§ **ABOUT THIS TASK**: Leaving all pictures out, output exactly and only the line containing "Rangées de vignes" and the lines that follow it to the end of the material below.

§ **SUPPLIED DATA**:
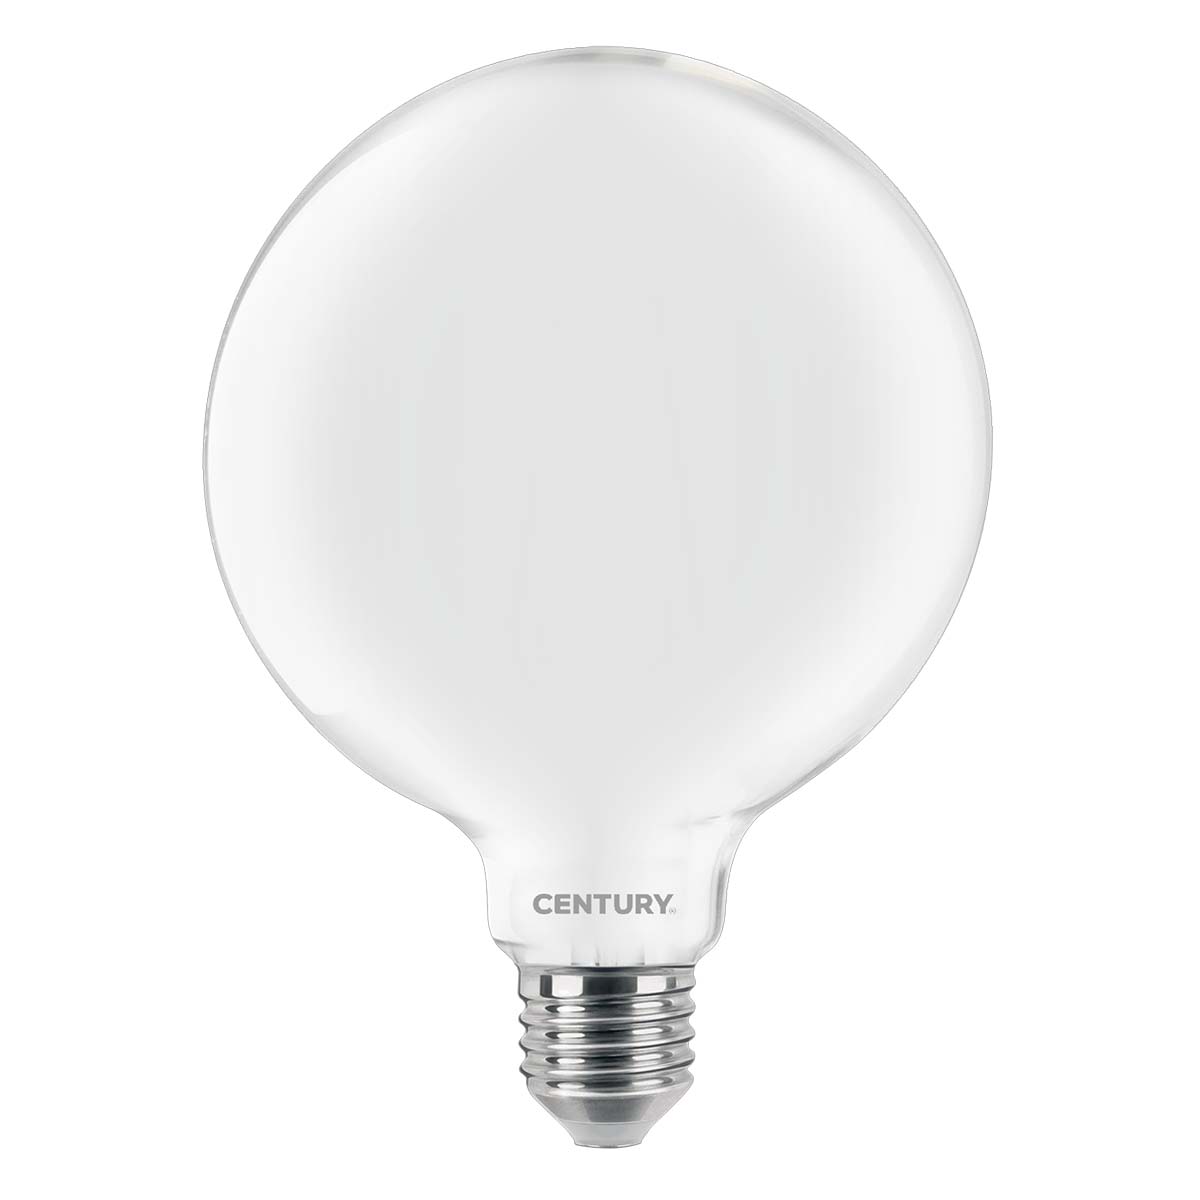 11 Watt LED Leuchtmittel E27 Leuchte 1055lm Beleuchtung warm weiß Lampe EEK A+ 
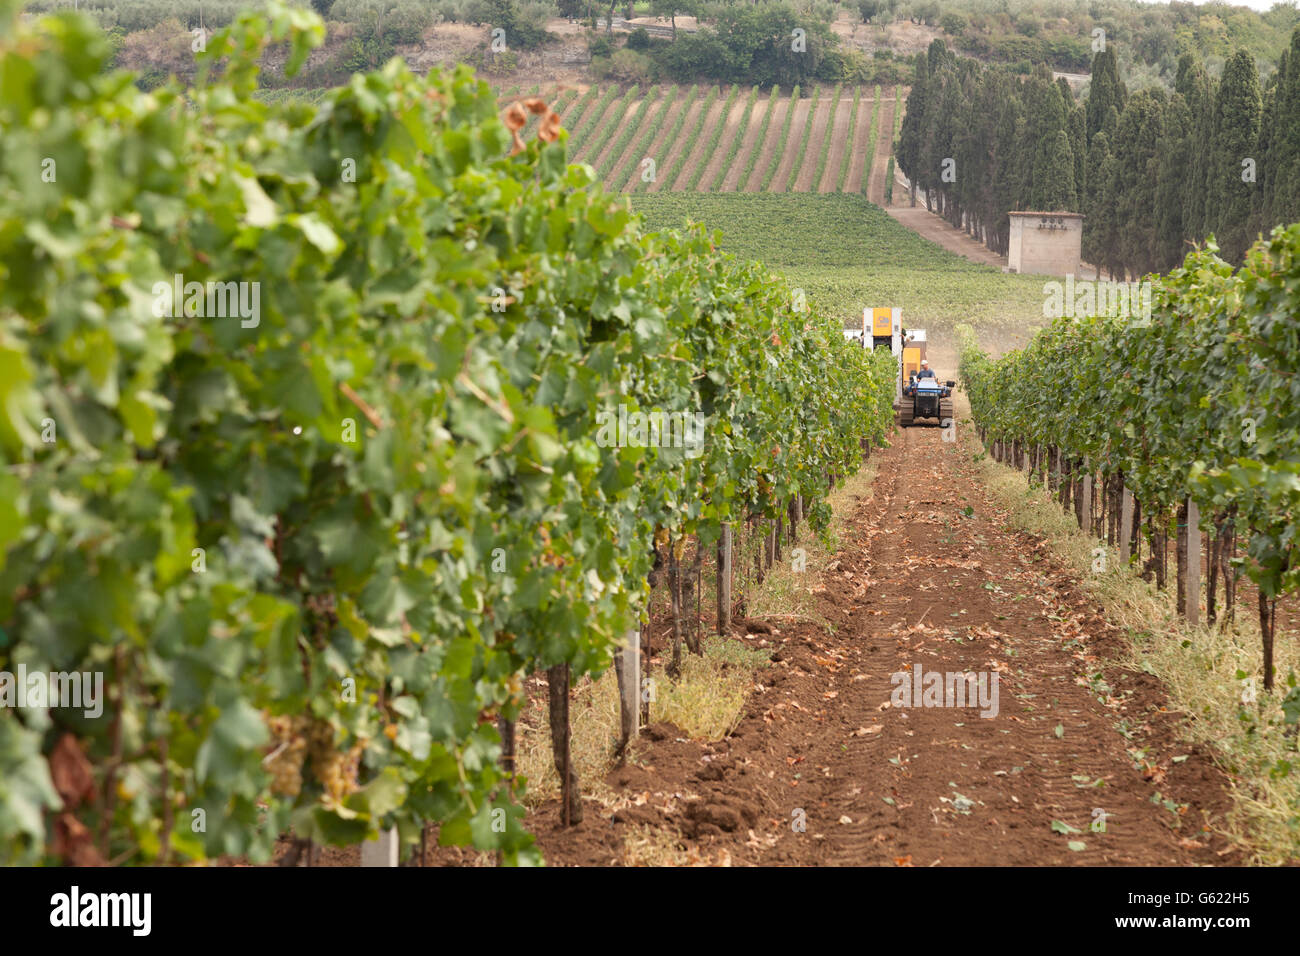 Rangées de vignes avec une moissonneuse mécanique dans la distance la récolte du raisin, à Frascati, Italie, Europe Banque D'Images
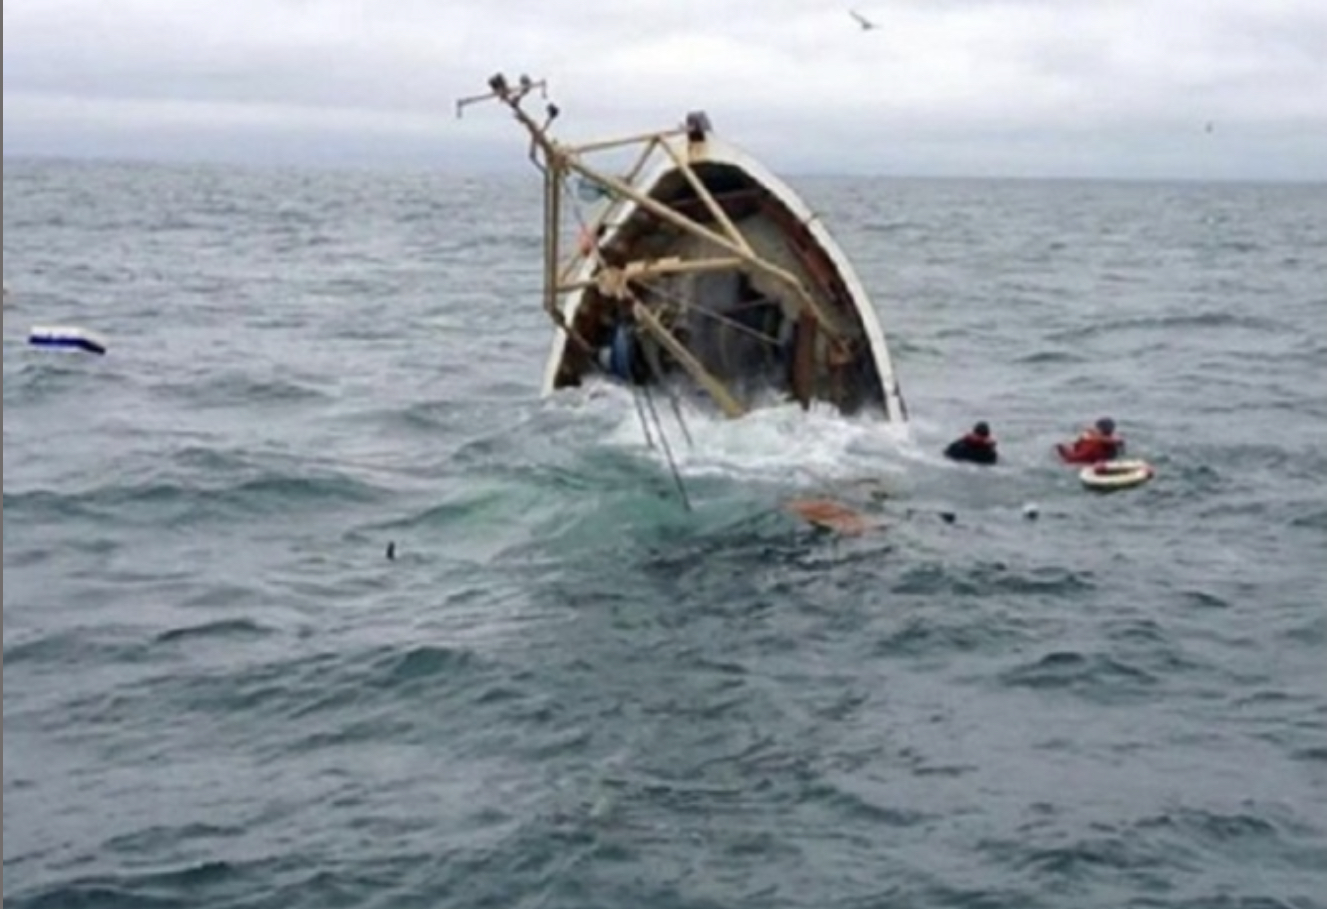 Accident en mer : un navire chinois heurte une pirogue sénégalaise et fait trois morts
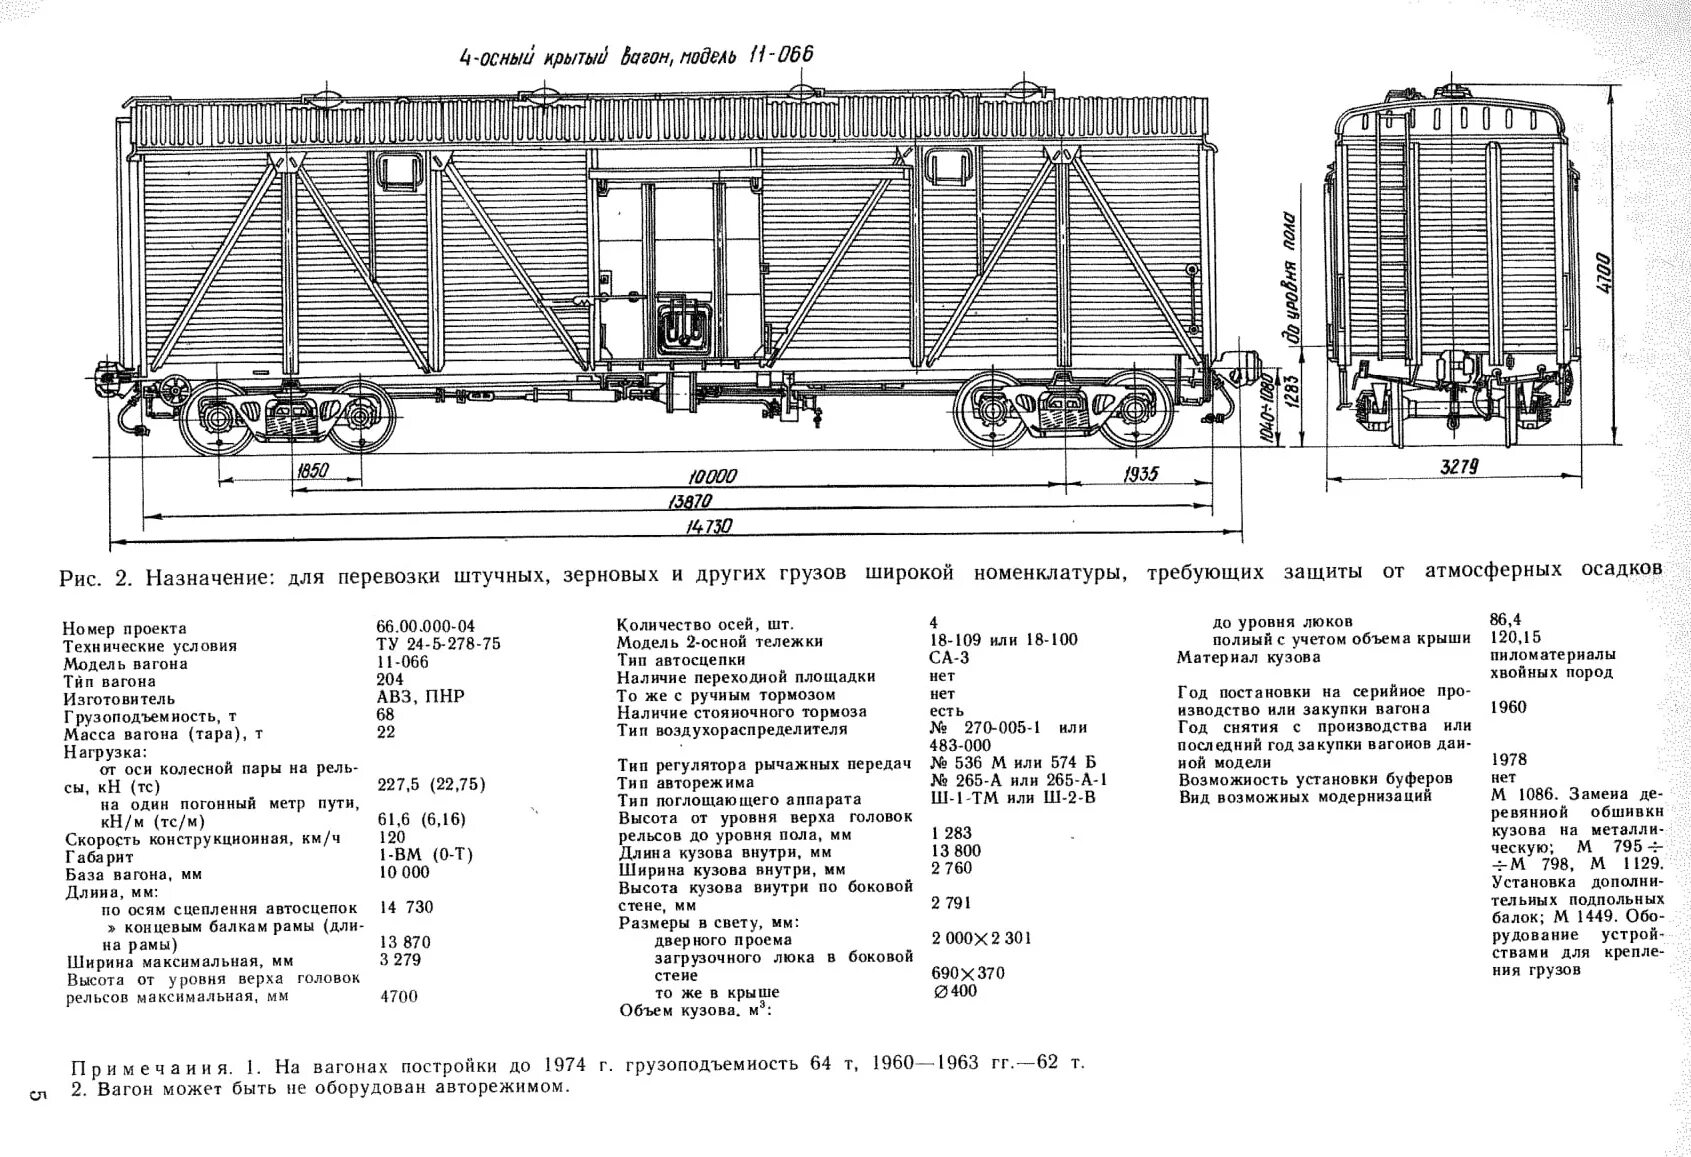 Количество железнодорожных вагонов. 4-Осный Крытый вагон, модель 11-066. Сколько весит Крытый вагон. Вес деревянного полувагона. Масса ЖД вагона крытых вагонов.

§ **SOLUTION**:
 Rangées de vignes avec une moissonneuse mécanique dans la distance la récolte du raisin, à Frascati, Italie, Europe Banque D'Images
 Accident en mer : un navire chinois heurte une pirogue sénégalaise et fait trois morts
 Количество железнодорожных вагонов. 4-Осный Крытый вагон, модель 11-066. Сколько весит Крытый вагон. Вес деревянного полувагона. Масса ЖД вагона крытых вагонов.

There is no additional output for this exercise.